Он уговорил Сухомлинова разрешить ему заняться разведкой в российской армии, но подчиненные едва терпели его.
Однако этой деятельности Мясоедова вскоре пришел конец. Министр внутренних дел сообщил Сухомлинову, что есть серьезные основания подозревать его друга и советника Мясоедова в шпионаже в пользу Германии.
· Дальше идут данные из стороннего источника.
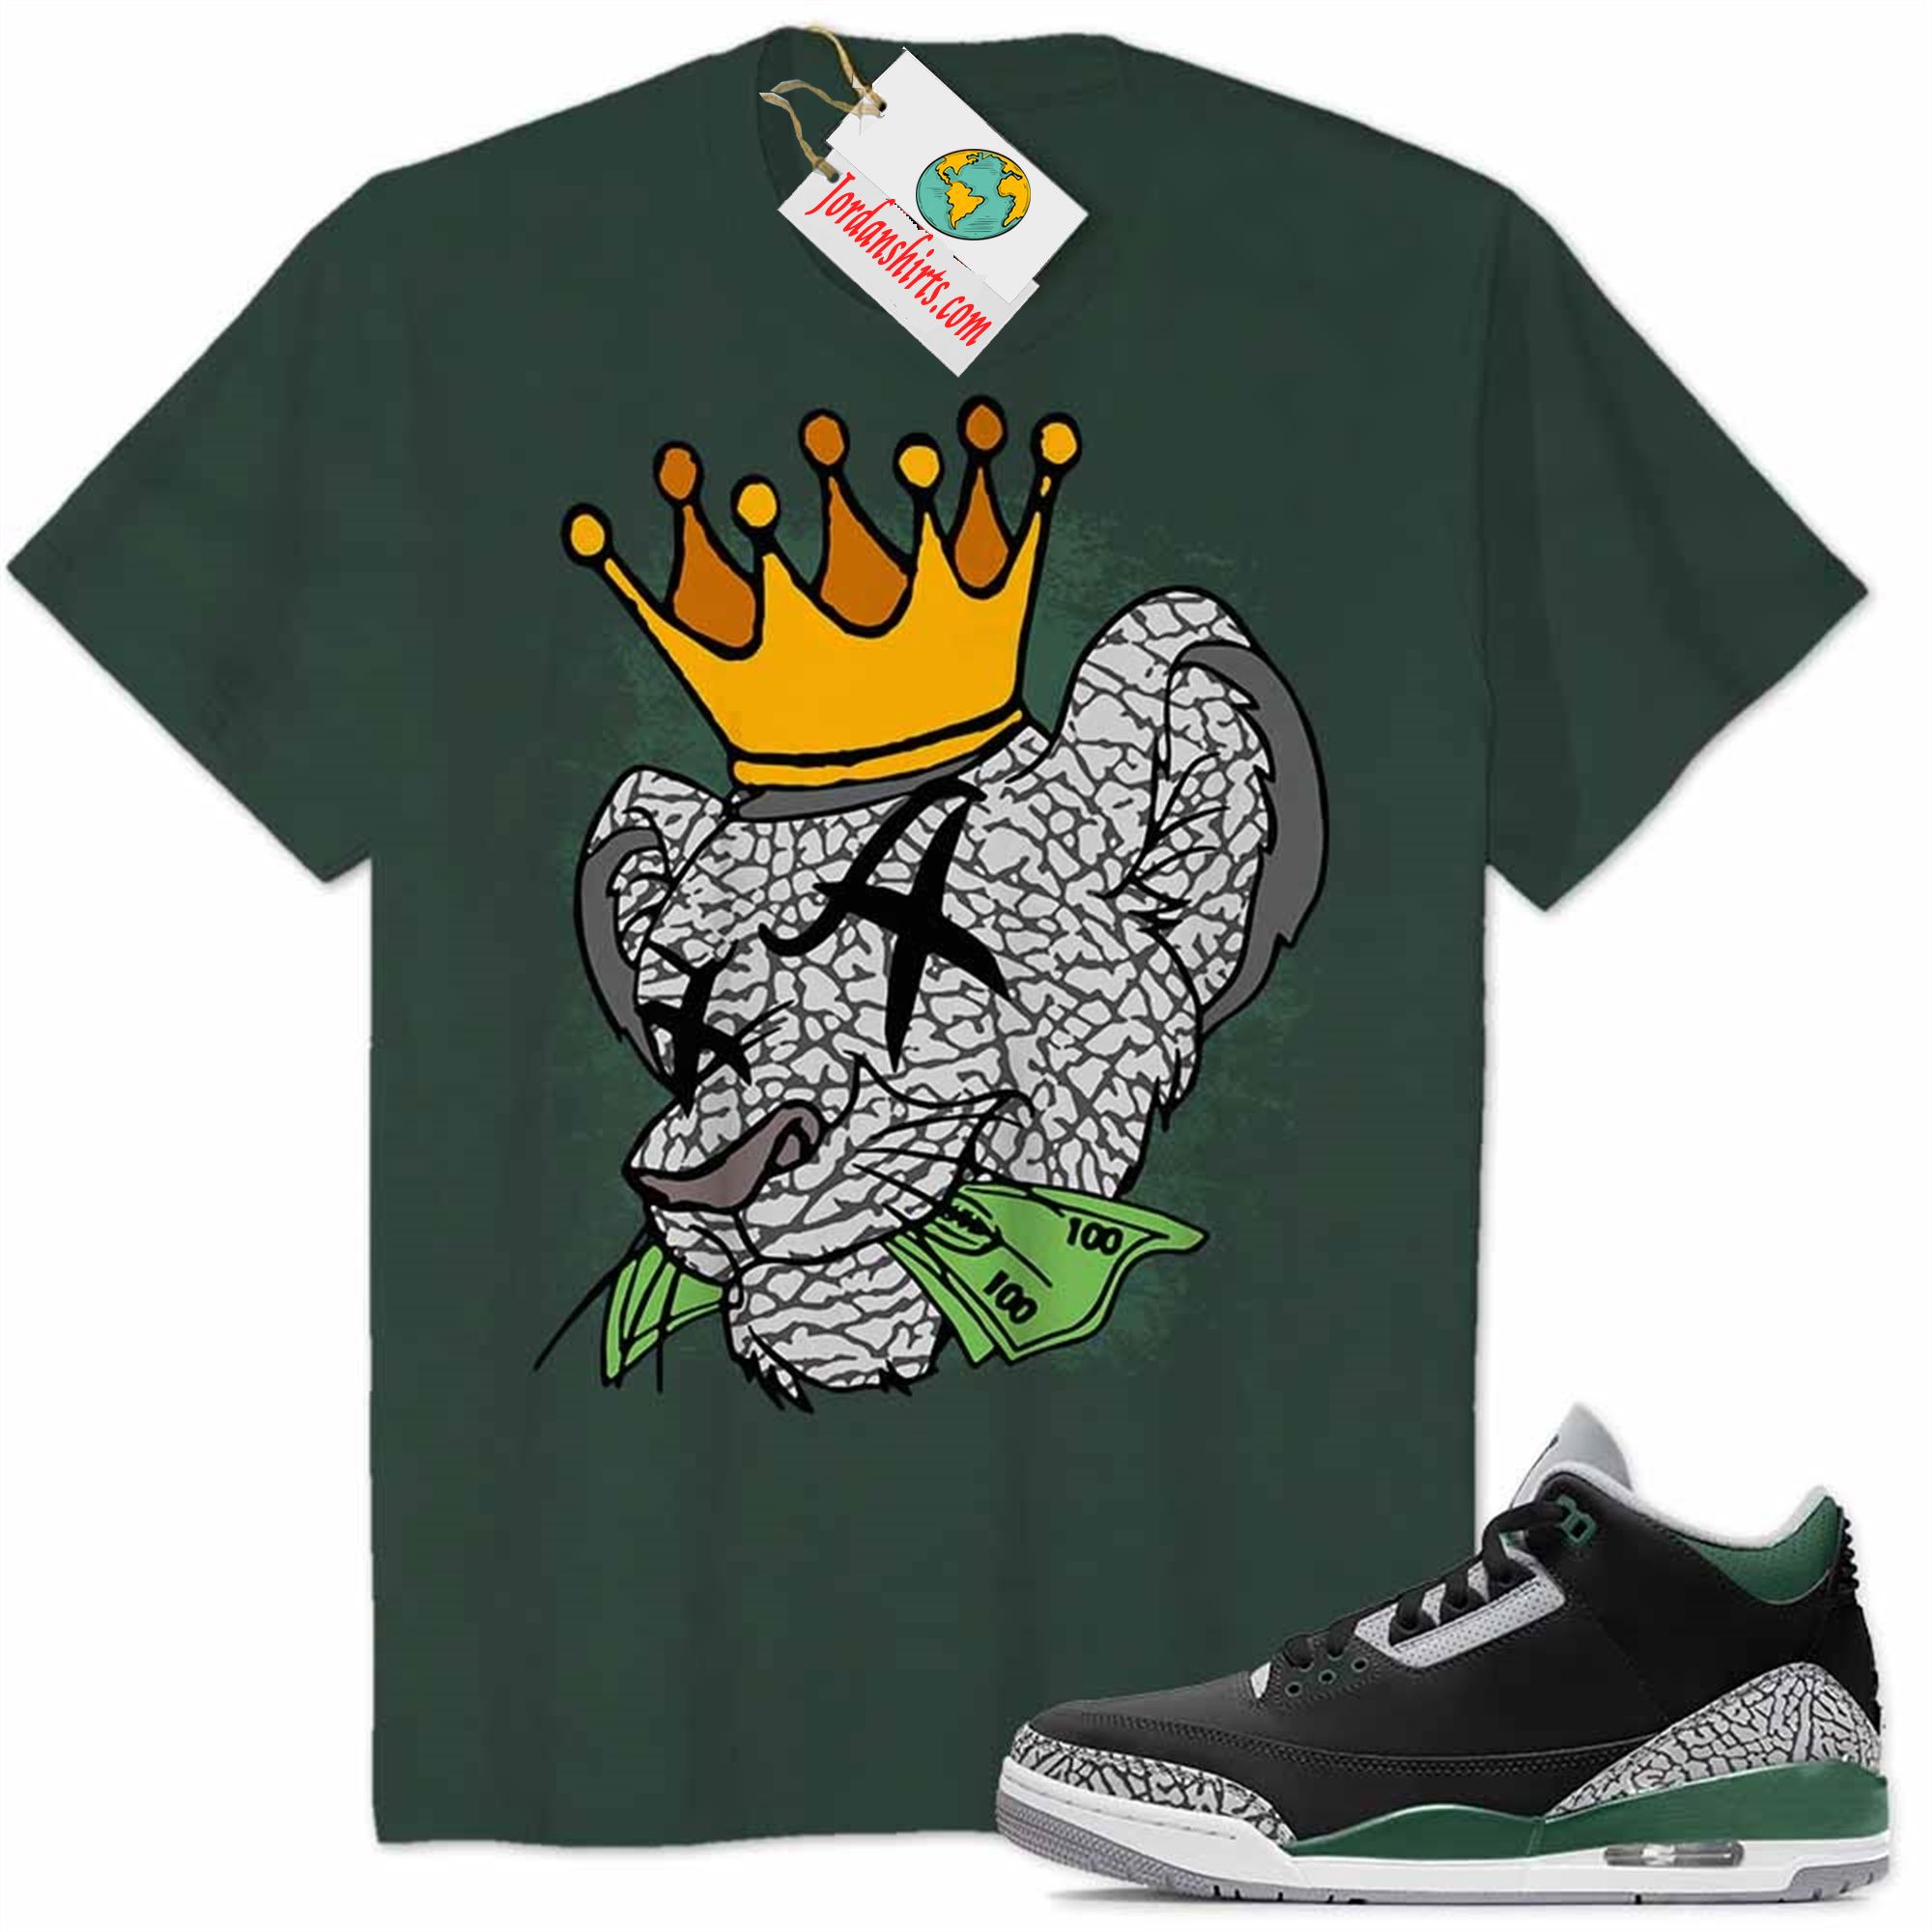 Jordan 3 Shirt, Simba Lion King With Crown Money Forest Air Jordan 3 Pine Green 3s Size Up To 5xl
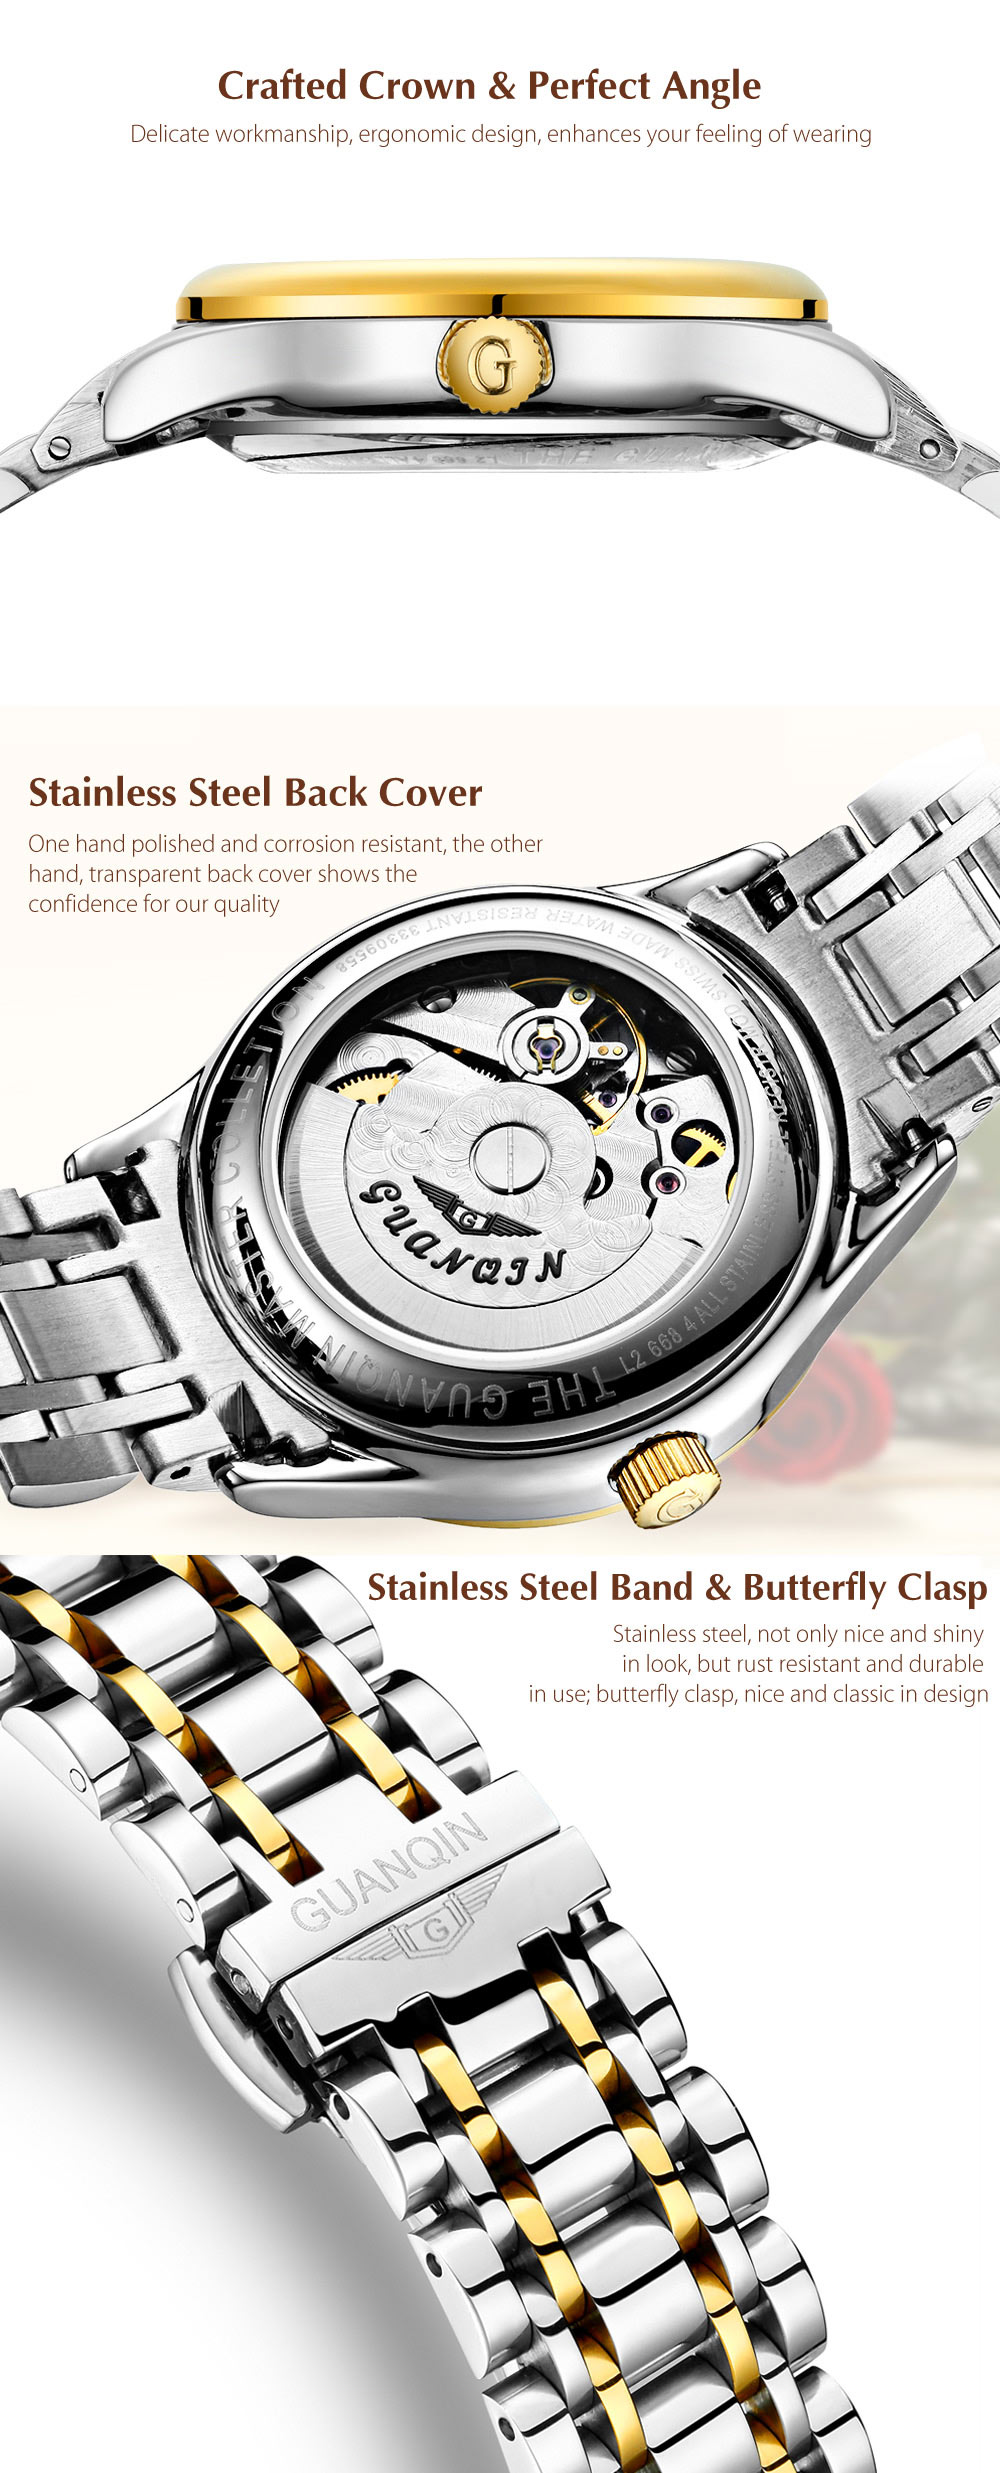 GUANQIN GJ18004 Women Auto Mechanical Watch Date Display Sapphire Mirror 3ATM Wristwatch

— Почему? Откуда вам это известно?
Все очень просто. Мясоедов был основателем «Северо-западной судоходной компании». В этом не было ничего предосудительного, хотя никто не ожидал, что советник русского военного министра создаст частное предприятие подобного рода. Проблема заключалась в том, что его лучшим и давним другом, а теперь и партнером по судоходной компании оказался Давид Фрайберг. Было известно, что Фрайберг имеет деловые связи с российским мошенником Кацнельбогеном, который в течение многих лет пользовался поддержкой секретных агентов германского генерального штаба и имел огромные доходы от продажи фальшивых паспортов. Естественно, человек с такими связями не мог быть помощником русского военного министра. И Мясоедова снова отстранили от должности. Ему, однако, дали возможность написать прошение об отставке.
Вскоре после этого последовал новый удар. В статье, опубликованной в «Голосе Москвы», утверждалось, что назначение по высочайшей протекции бывшего офицера-пограничника начальником разведки позволило иностранным шпионам быть прекрасно осведомленными обо всем, что происходило в России. В одной из газет упоминалась его фамилия, и он открыто обвинялся в шпионаже в пользу Германии. Разразился настоящий скандал!
Через несколько дней скомпрометированный Мясоедов дождался на улице редактора той газеты, потребовал от него объяснений и имя автора нашумевшей статьи. Журналист ответил отказом. Тогда Мясоедов вызвал редактора на дуэль. Разгорелся жаркий спор. Редактор попросил время, чтобы все обдумать. Через некоторое время просьба Мясоедова была удовлетворена. А еще через несколько дней Мясоедов вновь встретил незадачливого редактора на скачках и предложил ему пойти в ресторан, чтобы там обо всем поговорить. Редактор вошел первым, за ним — Мясоедов. Войдя в вестибюль ресторана, Мясоедов набросился на свою жертву. Журналист, обливаясь кровью, упал, однако мгновенно пришел в себя и тут же сбил пенсне с носа своего злопамятного противника. Мясоедов вытащил револьвер, но в этот момент появился друг редактора и разнял их:
— Уберите оружие! Вы с ума сошли!
Мясоедов пробормотал что-то невнятное и, воспользовавшись общей неразберихой, незаметно выскользнул из зала. Однако дорогу ему преградил швейцар. Разъяренный Мясоедов вновь достал револьвер и, угрожая пустить его в ход, вырвался наружу. Об этом инциденте вскоре стало широко известно. Военный трибунал признал, что Мясоедов вел себя неблагородно, так как напал на своего противника сзади.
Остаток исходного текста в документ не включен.